Note that ‘World class’ line. If they go through – and there’s a long way to go and a lot of buttons to push before they might – the deals would pave the way for Sky to become a pan-european pay-TV giant with 19m subscribers.

Crucially the deal would promise growth opportunities beyond the UK and the potential to make multinational deals for sports and movie rights. A pretty tempting set up for BSkyB, which no longer has things all its own way here thanks to vigorous competition, especially from BT.

But it’s not just established rivals that any deal is intended to stymie – online subscription players such as Netflix and Lovefilm also want a piece of the pay TV action. A three-country Sky would be in a much stronger position to resist.
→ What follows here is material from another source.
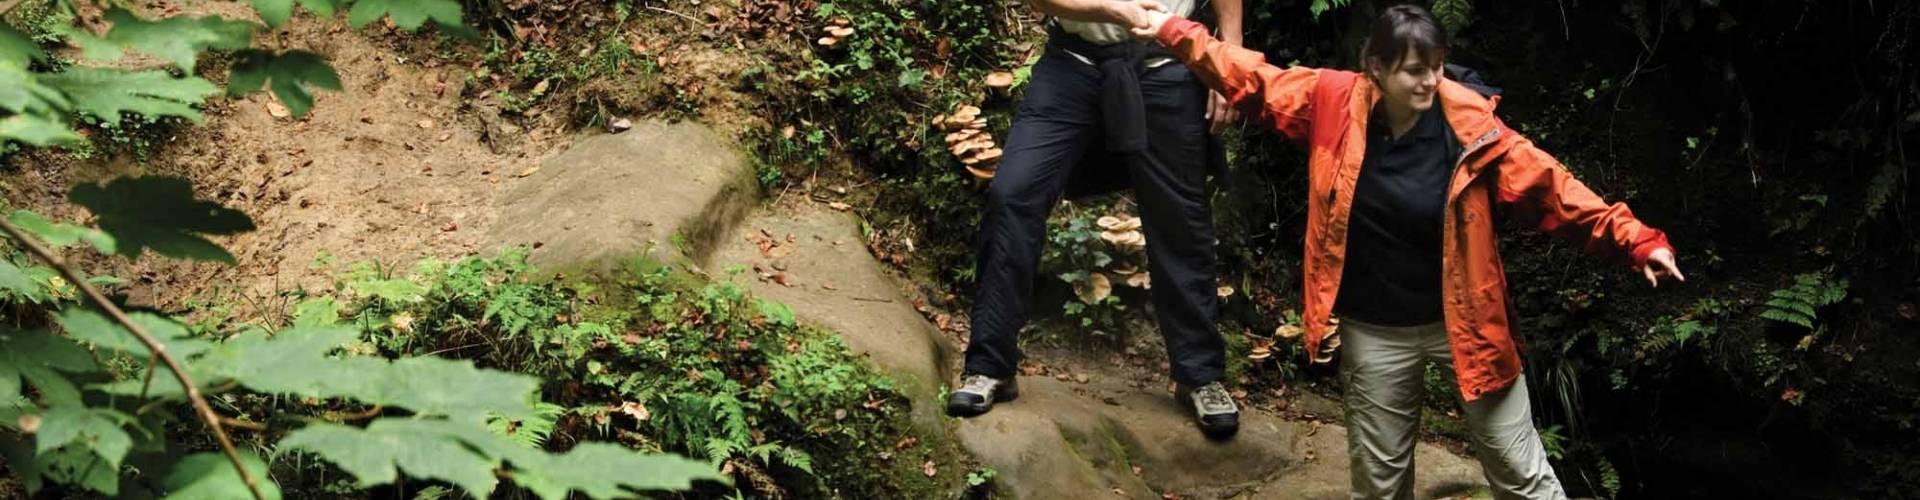 rondwandelroute naturwanderpark delux felsenweg 2 foto 1

Of course, like anything to do with the Murdoch empire, the situation is complicated by the various cross holdings and co-directorships. Here’s a primer: 21st Century Fox, which owns the stakes in question (57% of Sky Deutschland and the whole of Sky Italia) is also the major shareholder in BSkyB (to the tune of 39%). James Murdoch, son of the father and co-COO of 21stCentury Fox, is also a NED of BSkyB and was, in a pre-NoTW scandal life, its CEO.

Ok so far? Good, there’s more. Readers with good memories might also recall that even farther back in the day, said James Murdoch made a bid via News International to acquire the 61% of BSkyB it didn’t then own. The bid was withdrawn due to political pressure, and added to the phone hacking scandal shortly afterwards resulted in News International being split up into a newspapers business (still called NI) and a TV and movie business, 21st Century Fox.  

Phew. Now for the finale. That original bid was widely seen as the first step in a move to create a consolidated pan-european Sky TV. So viewed in that context, this latest story looks pretty much like James Murdoch having another bite at the same cherry, but from a different angle.

This way he might sidestep many of the media plurality issues which derailed the original NI bid, and will also put the lion’s share of competition rulings into the hands of the European Commission rather than Ofcom alone – further away from the meddling hands of UK politicians.

Were these purchases to go ahead, the way would be open for Fox to buy the 61% of BSkyB it doesn’t own, thus completing the original masterplan. Clever huh?

Expect a great deal of hem-ing and haw-ing – both over price and regulatory concerns - before anything much actually happens though. This is one major drama which is going to run and run.